* [What to produce]
Every line below needs to be printed again exactly, without any of its pictures.

* [Dataset excerpt]
*** Block opens ***

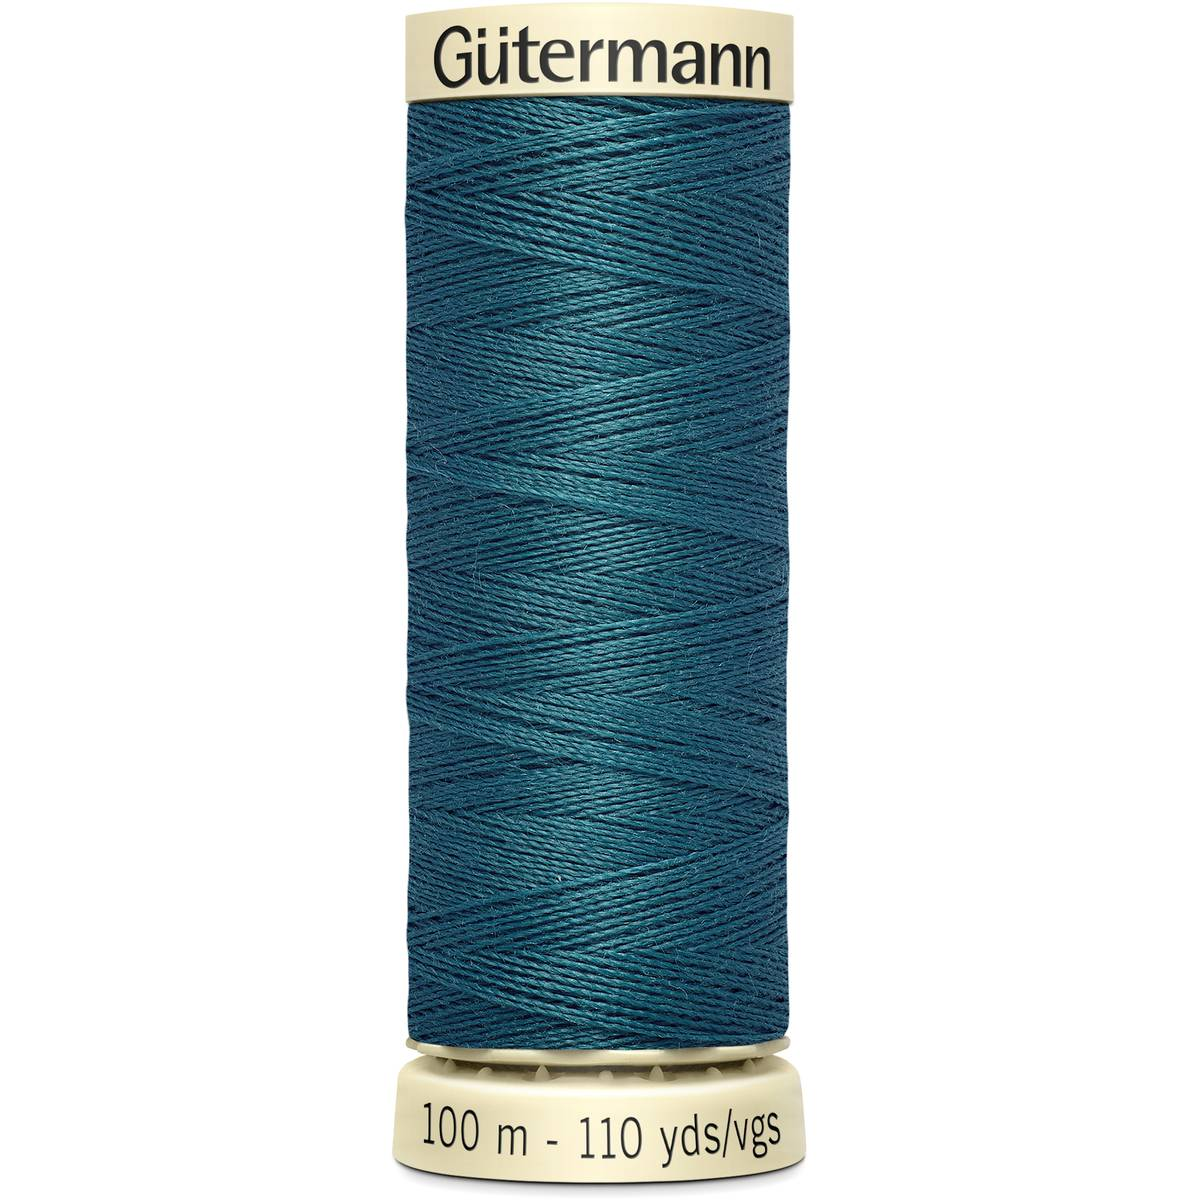 חוט תפירה גוטרמן - Blue 223
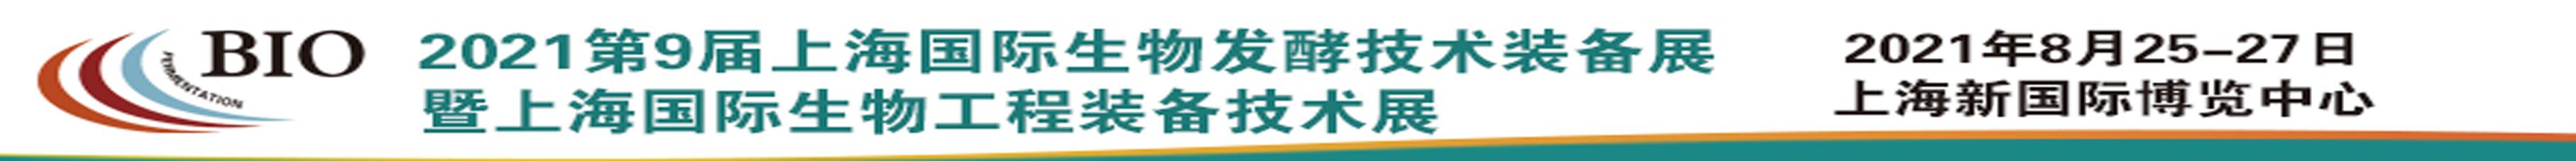 2021第九届上海国际生物发酵产品与技术装备展览会暨上海国际生物工程装备技术展
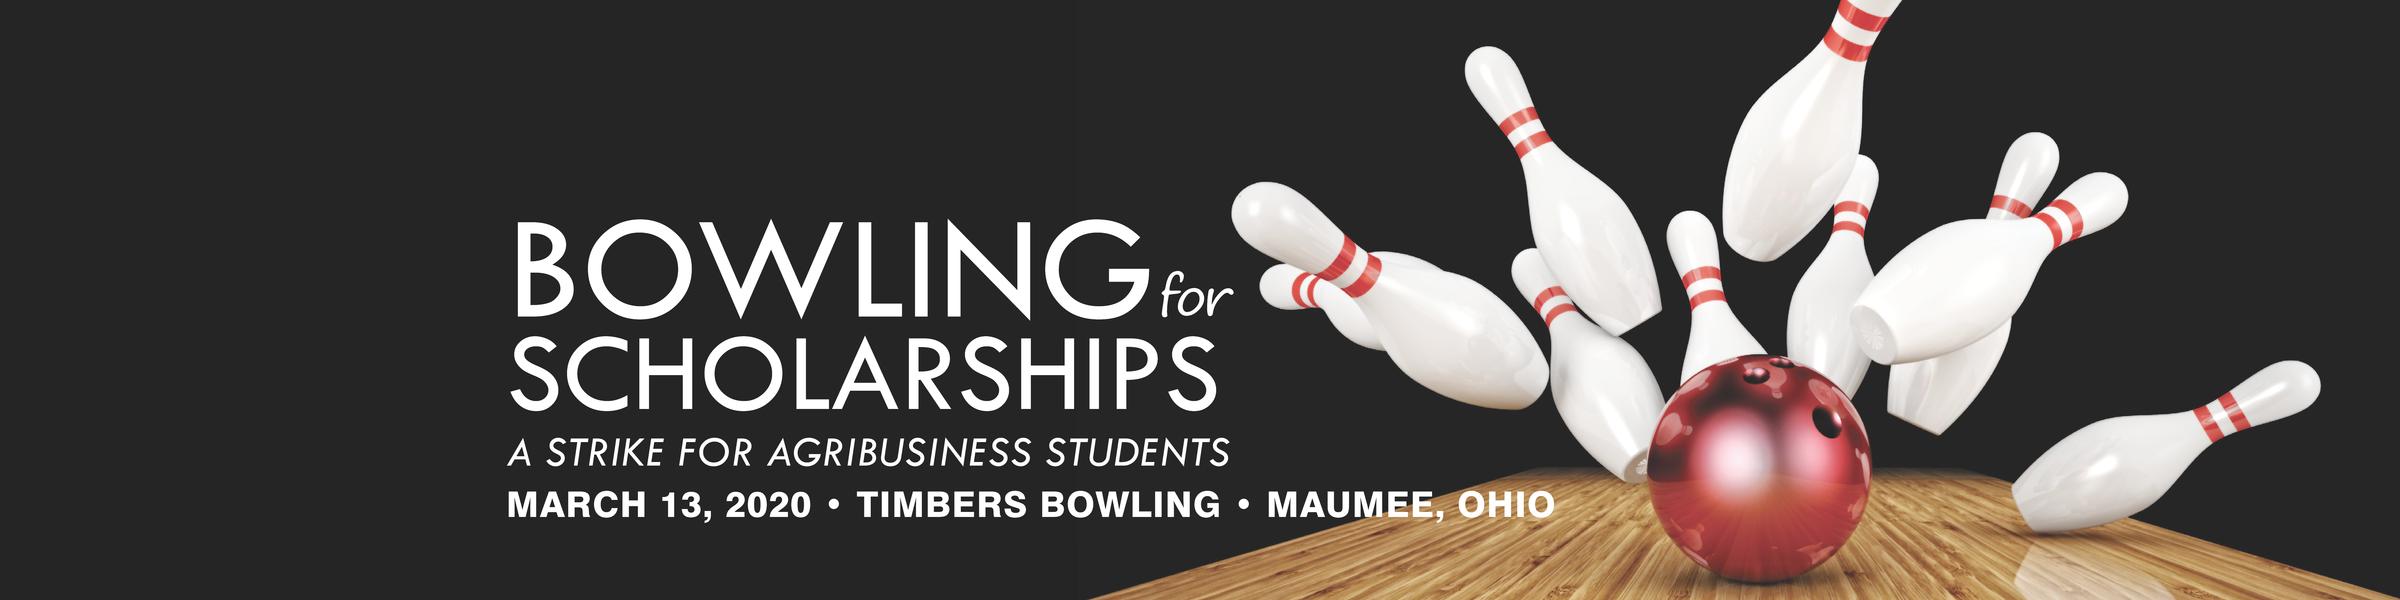 Bowling Website Header 2020
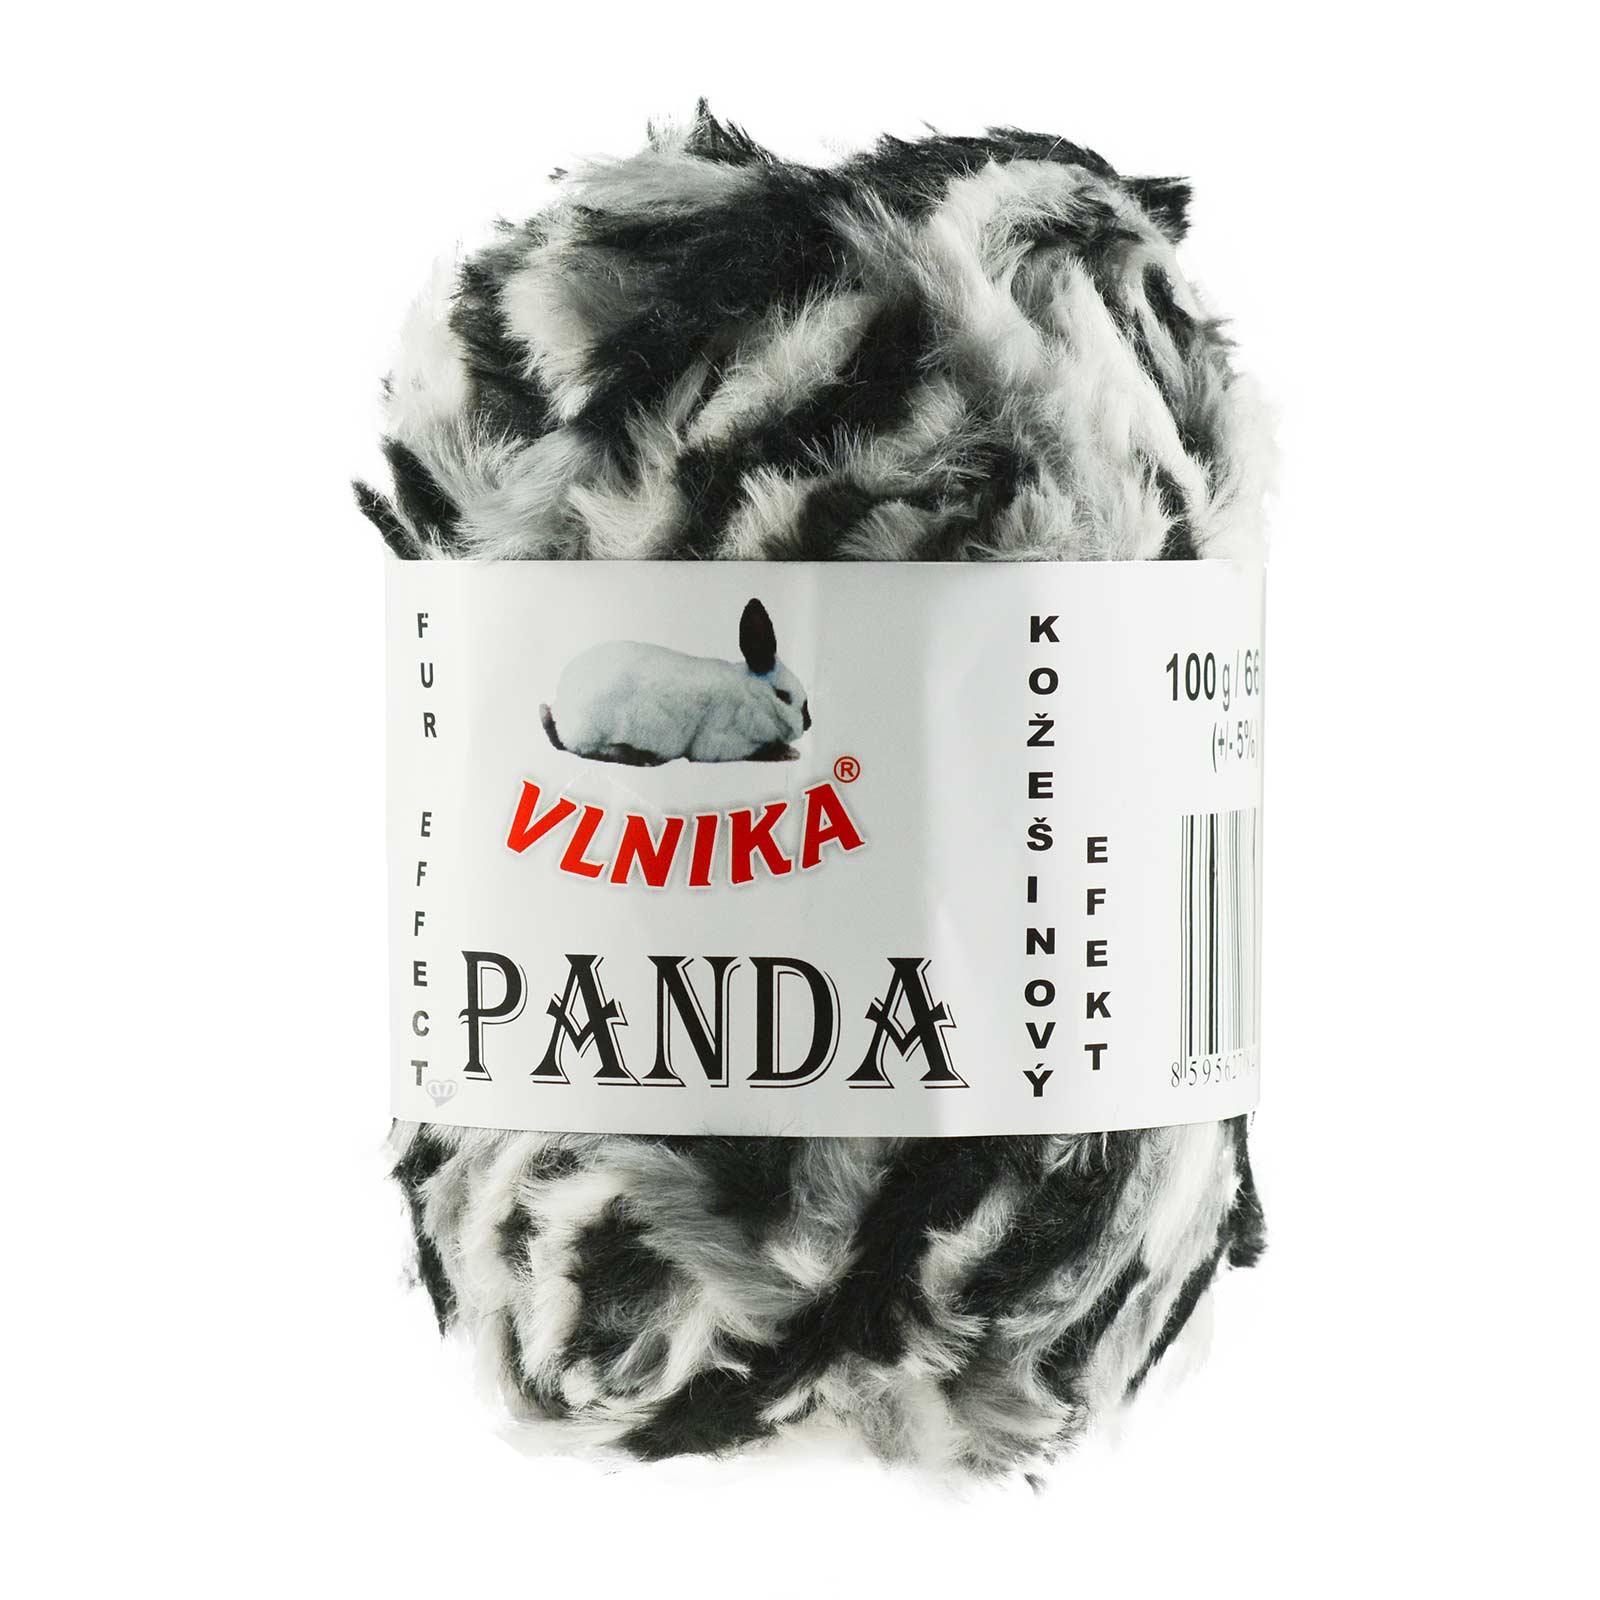 100g Strickgarn Panda Strick-Wolle Webpelz-Garn Kuschelwolle Plüschwolle  – Bild 13

*** Block closes ***

* [The answer]
 חוט תפירה גוטרמן - Blue 223
 2021第九届上海国际生物发酵产品与技术装备展览会暨上海国际生物工程装备技术展
 Bowling Website Header 2020
 100g Strickgarn Panda Strick-Wolle Webpelz-Garn Kuschelwolle Plüschwolle  – Bild 13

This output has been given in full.